ASSIGNMENT
Could you give the data below again exactly, apart from the pictures?

**** DATASET SECTION ****

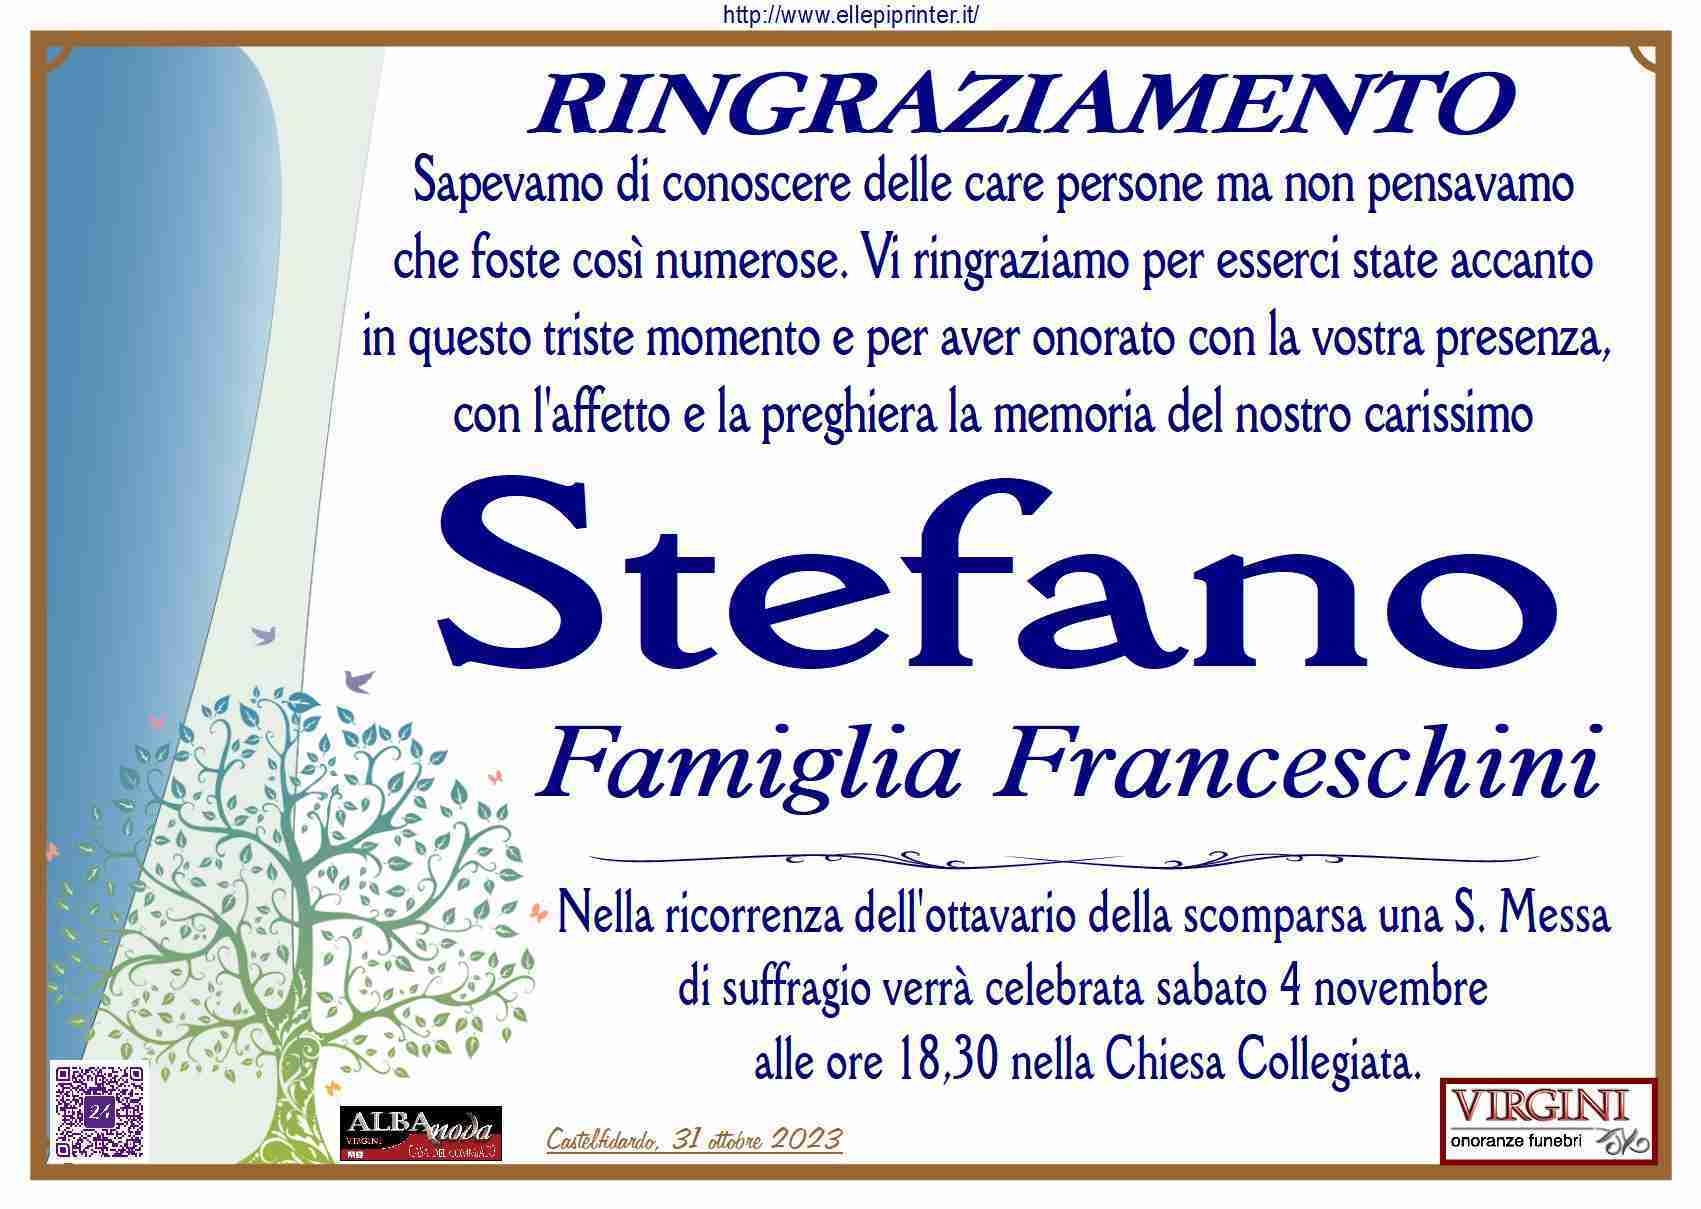 Stefano Franceschini
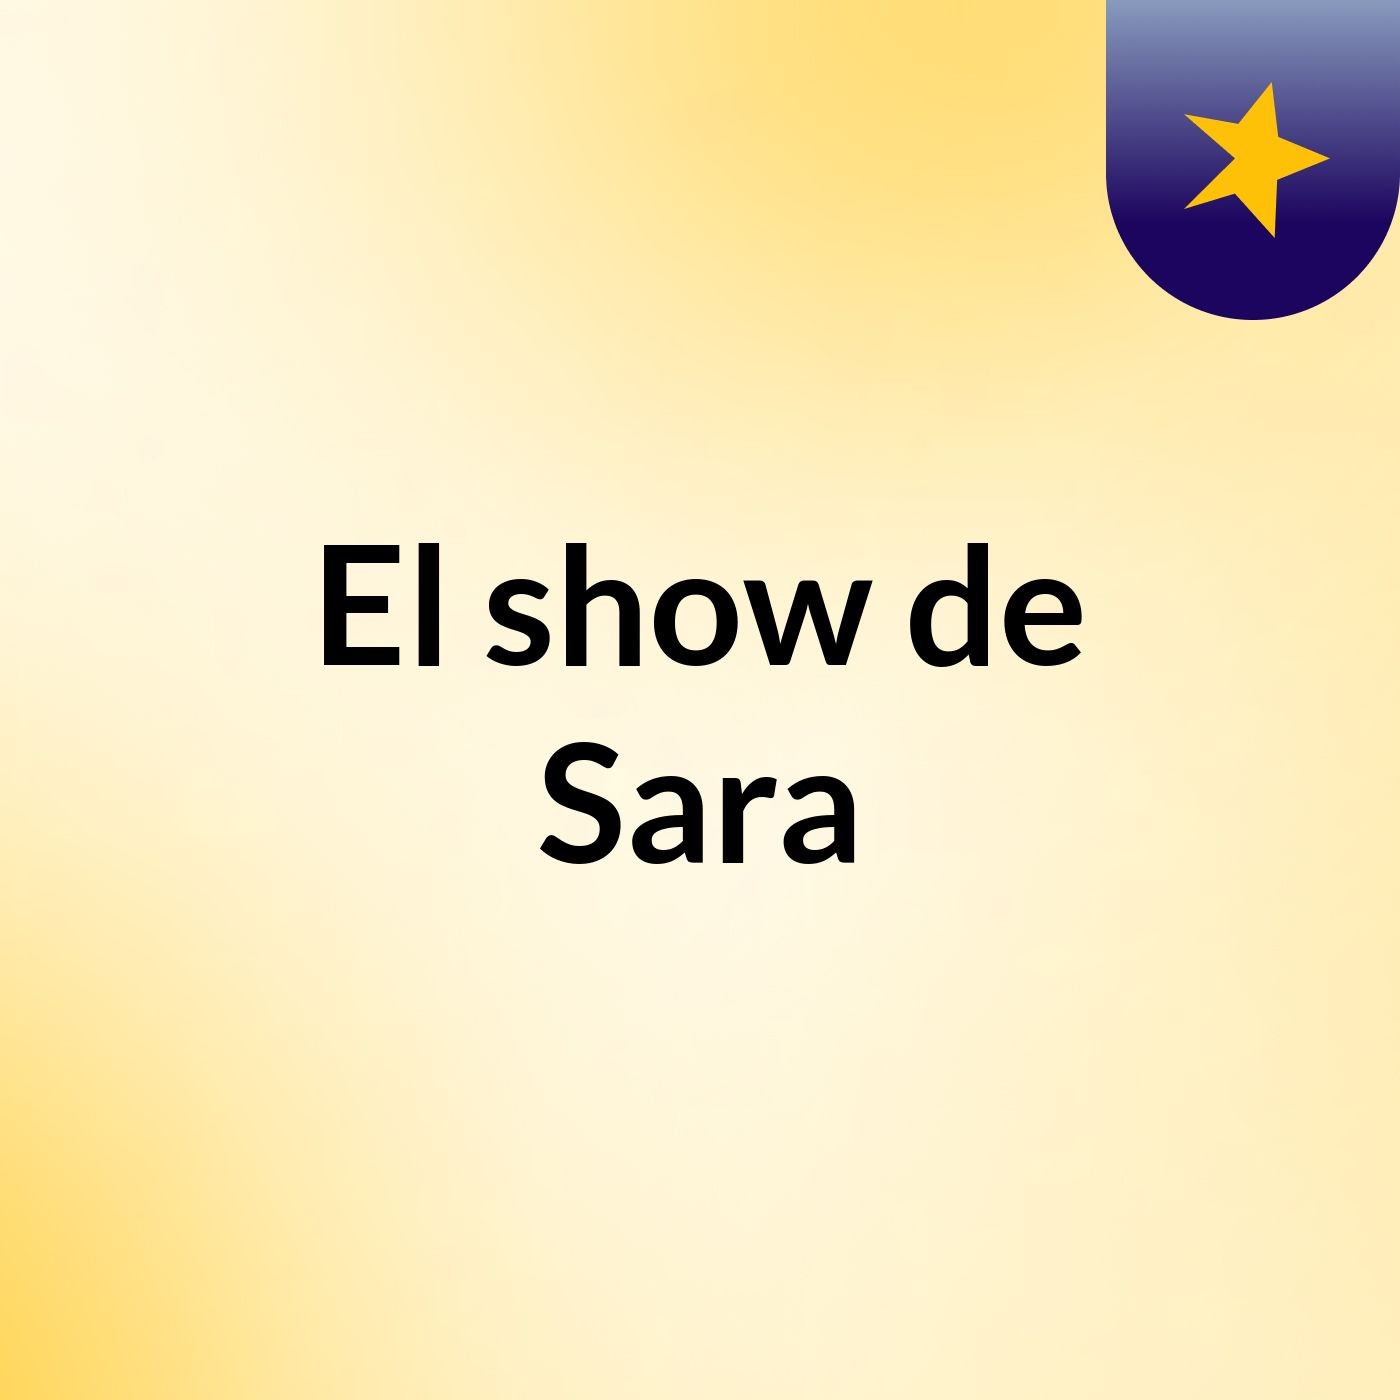 El show de Sara
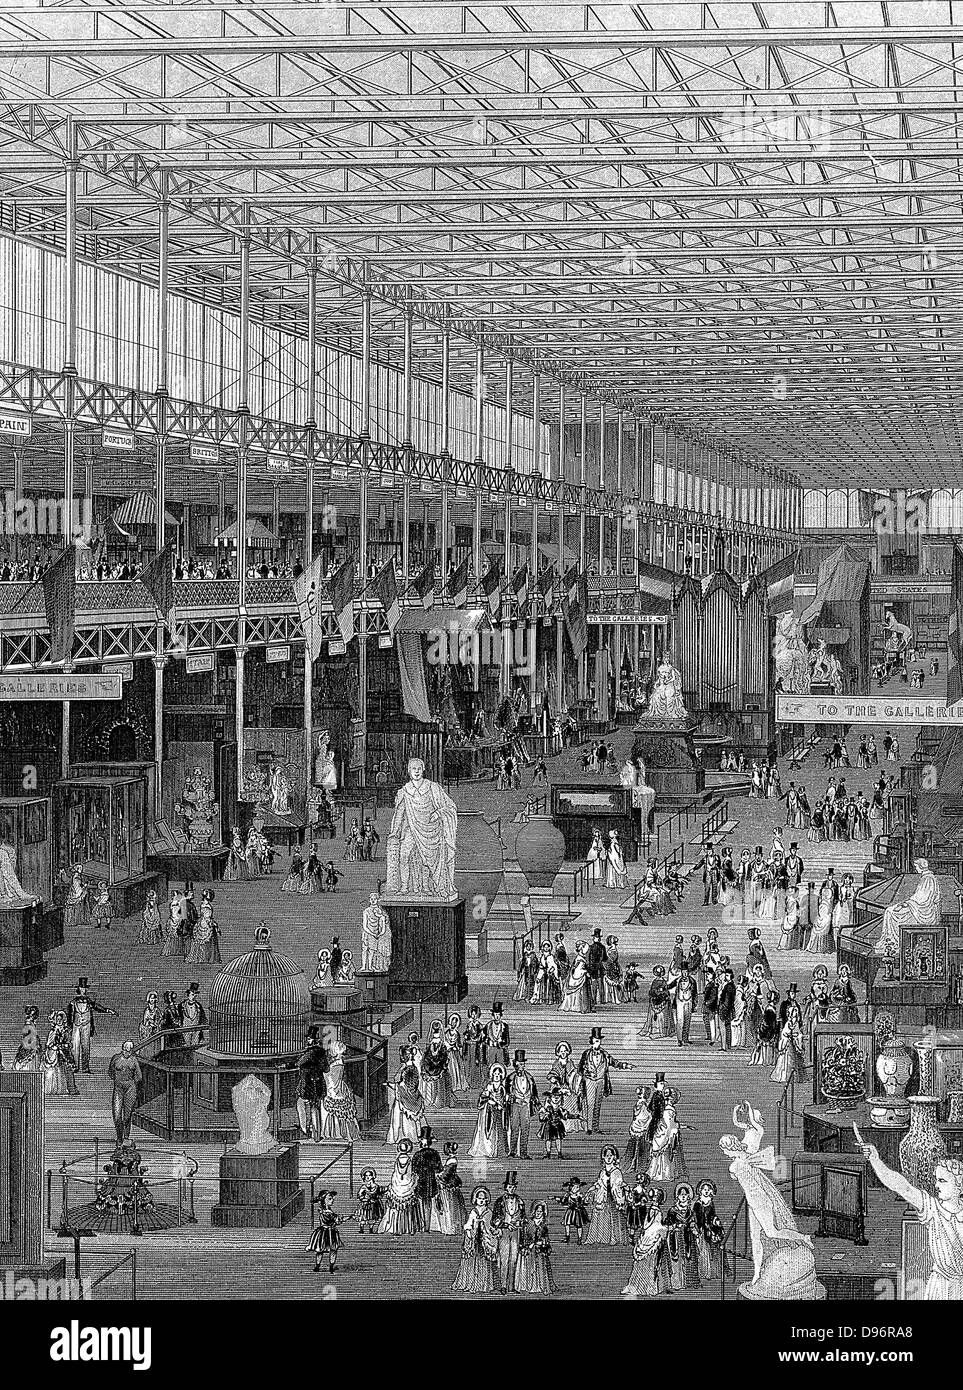 Grande exposition de 1851, Crystal Palace, Hyde Park, Londres. Vue de l'intérieur de l'avenue principale à l'Est, montrant des galeries soutenues par des colonnes de fer à l'augmentation de la crête et la raie de toit en verre. Gravure sur acier 1851. Banque D'Images
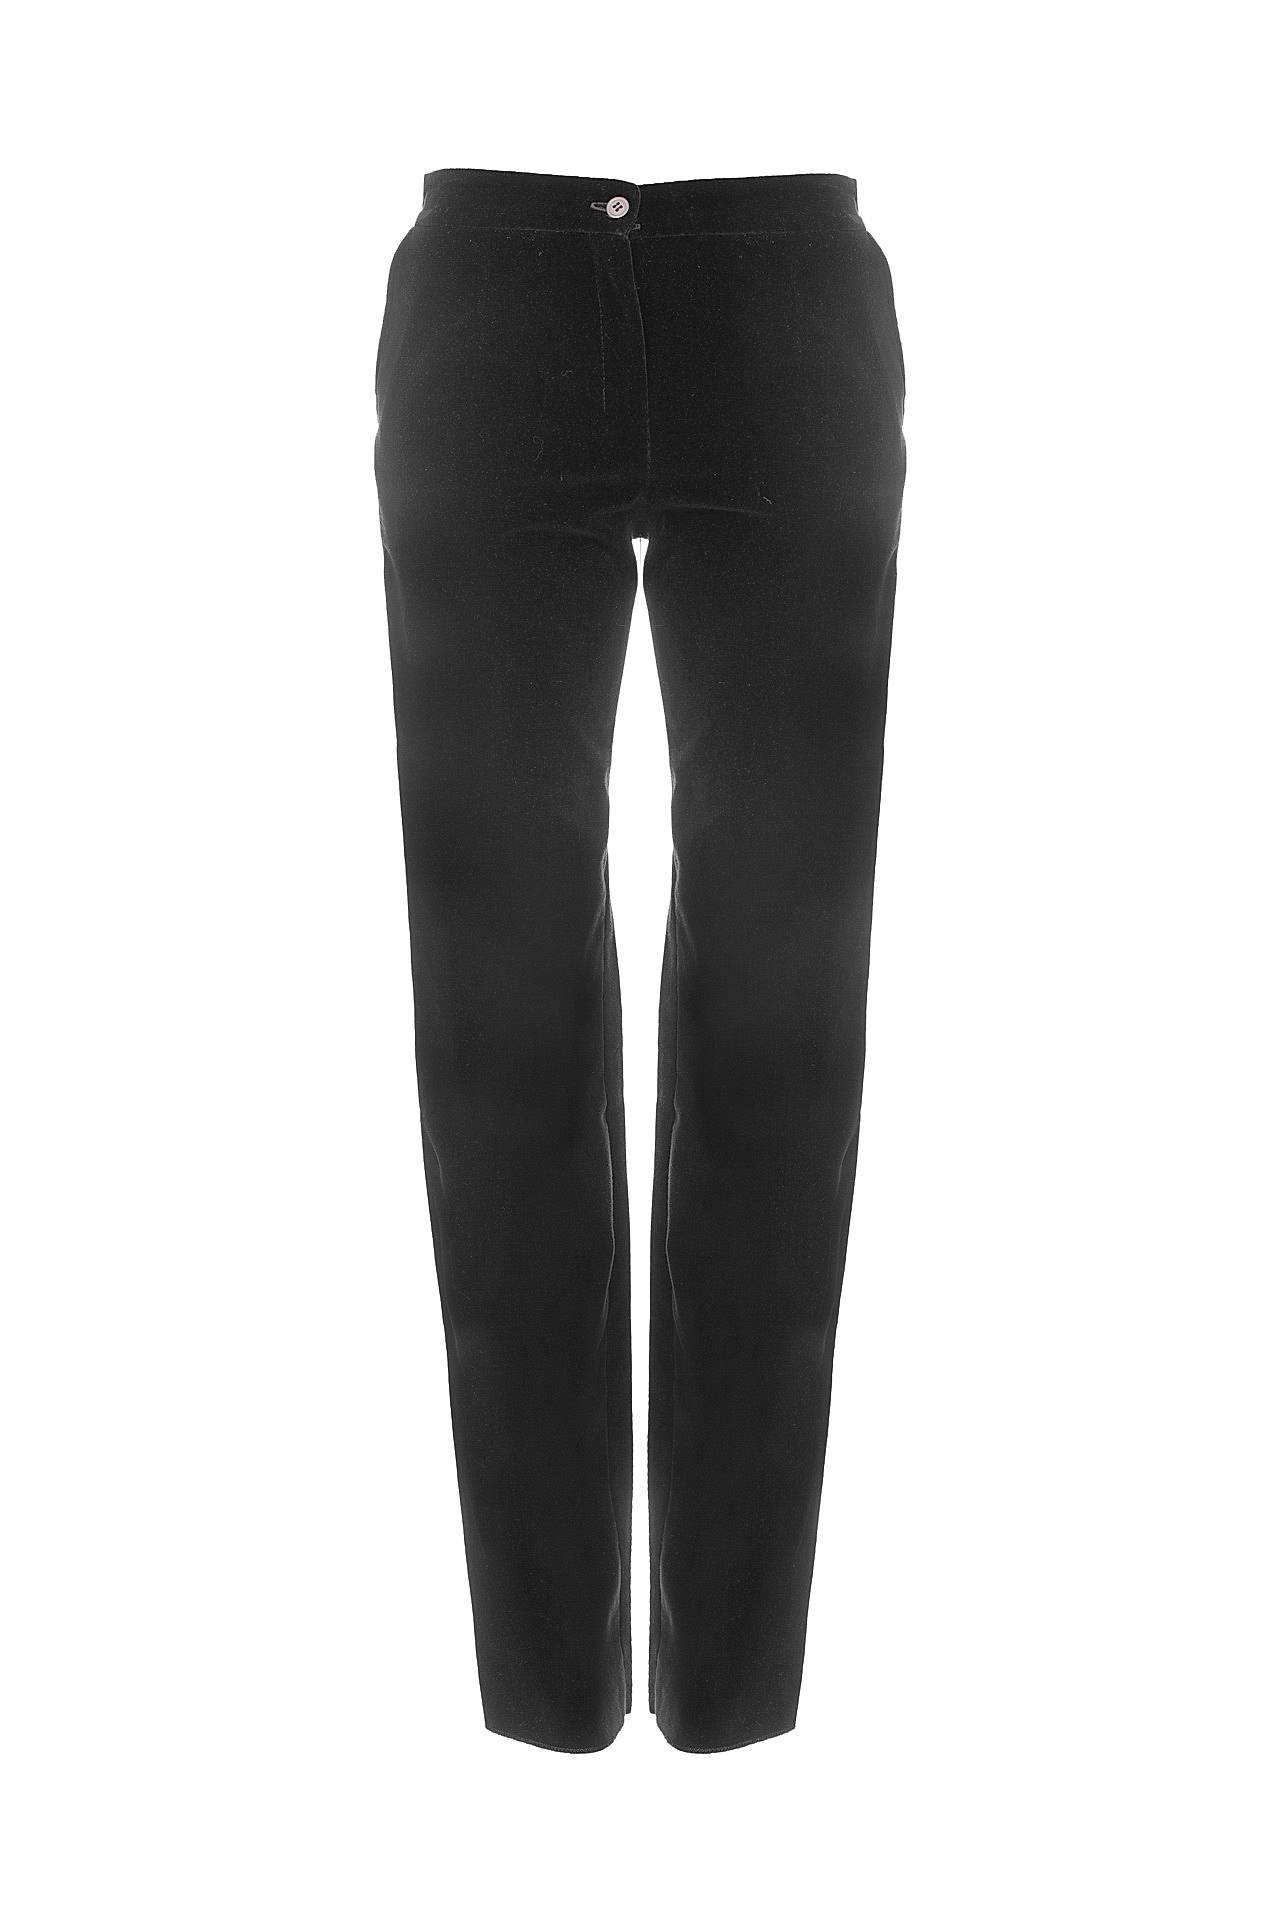 Одежда женская Брюки Yves Saint Laurent Vintage (RGC01P1001710/00). Купить за 18250 руб.

****

TASK SOLUTION
 Stefano Franceschini
 El show de Sara
 Grande exposition de 1851, Crystal Palace, Hyde Park, Londres. Vue de l'intérieur de l'avenue principale à l'Est, montrant des galeries soutenues par des colonnes de fer à l'augmentation de la crête et la raie de toit en verre. Gravure sur acier 1851. Banque D'Images
 Одежда женская Брюки Yves Saint Laurent Vintage (RGC01P1001710/00). Купить за 18250 руб.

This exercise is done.